Reply To: Is there a tactful way to say Shadchan prefers money?

Home Forums Decaffeinated Coffee Is there a tactful way to say Shadchan prefers money? Reply To: Is there a tactful way to say Shadchan prefers money?

#1003349
🍫Syag Lchochma
Participant

AZ – I guess it is apples and oranges then. We have gone months without appropriate teachers when a vacancy came up and different substitutes would fill in as needed.

When my daughter went oot to the tri state area for a chasuna, she was given a list of more than plenty shadchanim to get interviewed by. We have several local ones as well. I never thought of there being a shortage.

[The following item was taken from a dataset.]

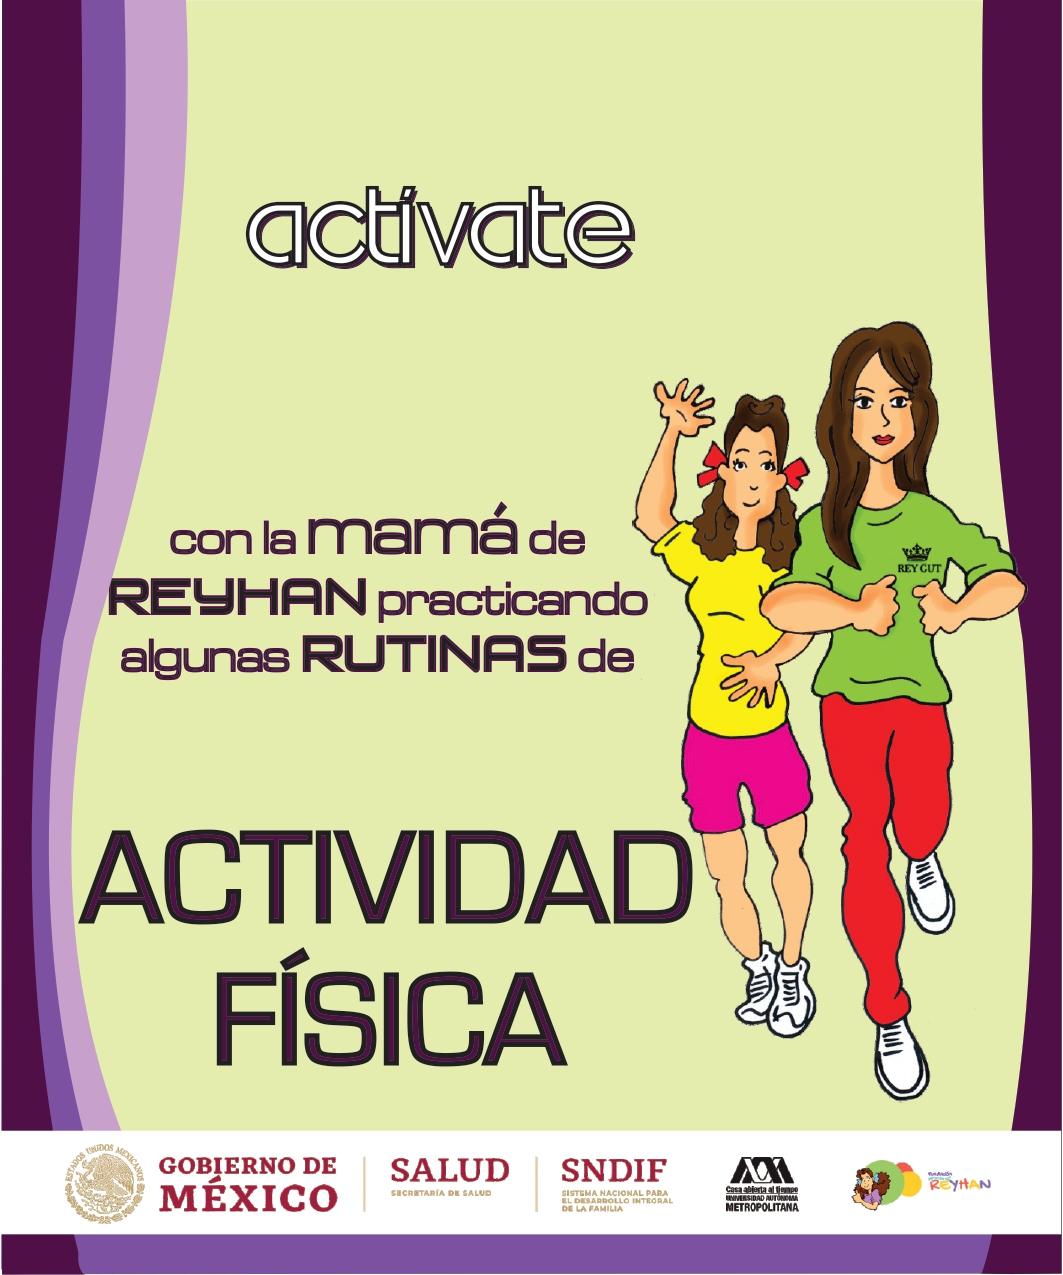 Rutinas Reyhan Mamá ditigal_page-0001
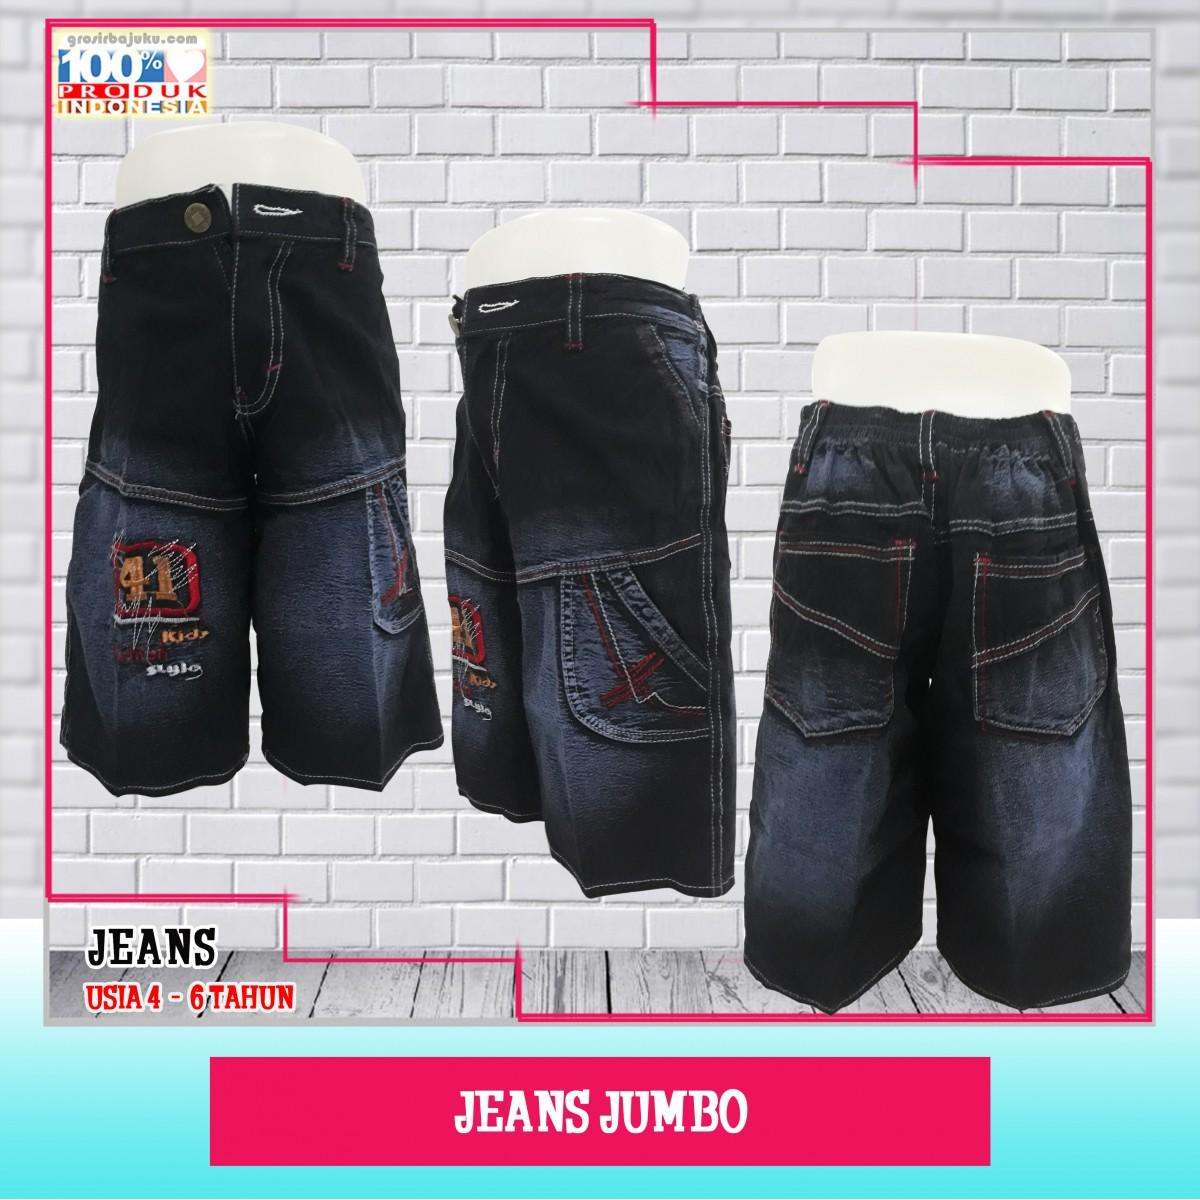 Pusat Grosir Baju Murah Solo Klewer 2019 Bisnis Jeans Jumbo Murah di Solo

I have found though, and this may be a completely tangential topic, that many of the shadchanim are “not interested” in helping you if you don’t want to do things the way “everyone else” is doing them. Meaning, if you can’t afford to give monthly support and are looking for someone like minded, some shadchanim aren’t interested in helping you find your bashert. There are many different kinds of people out there and the shadchanim should be willing to make matches of all these types (unless they are in a highly homogenous area) if their goal is to help singles, shouldn’t they? But we have had shadchanim literally screaming at some girls for being who they are instead of “playing the game” as it was put. I DO agree that that is the road for some, but there are so many like minded people who need something else, still well within the yeshivish-ish crowd, and I wonder why they don’t deserve advocates as well.

For myself, I don’t buy things that I can’t pay for, and if you tell me it will cost me $3000 for a shadchan, I will have no choice but to resort to word of mouth to marry off my children, not because I don’t value the shadchan, but because I apparently am not worthy of the privilege.

I do believe that your respectful and clear responses on this thread have given people a better sense that there are decent people out there who really are in it for the klal. Thank you for that.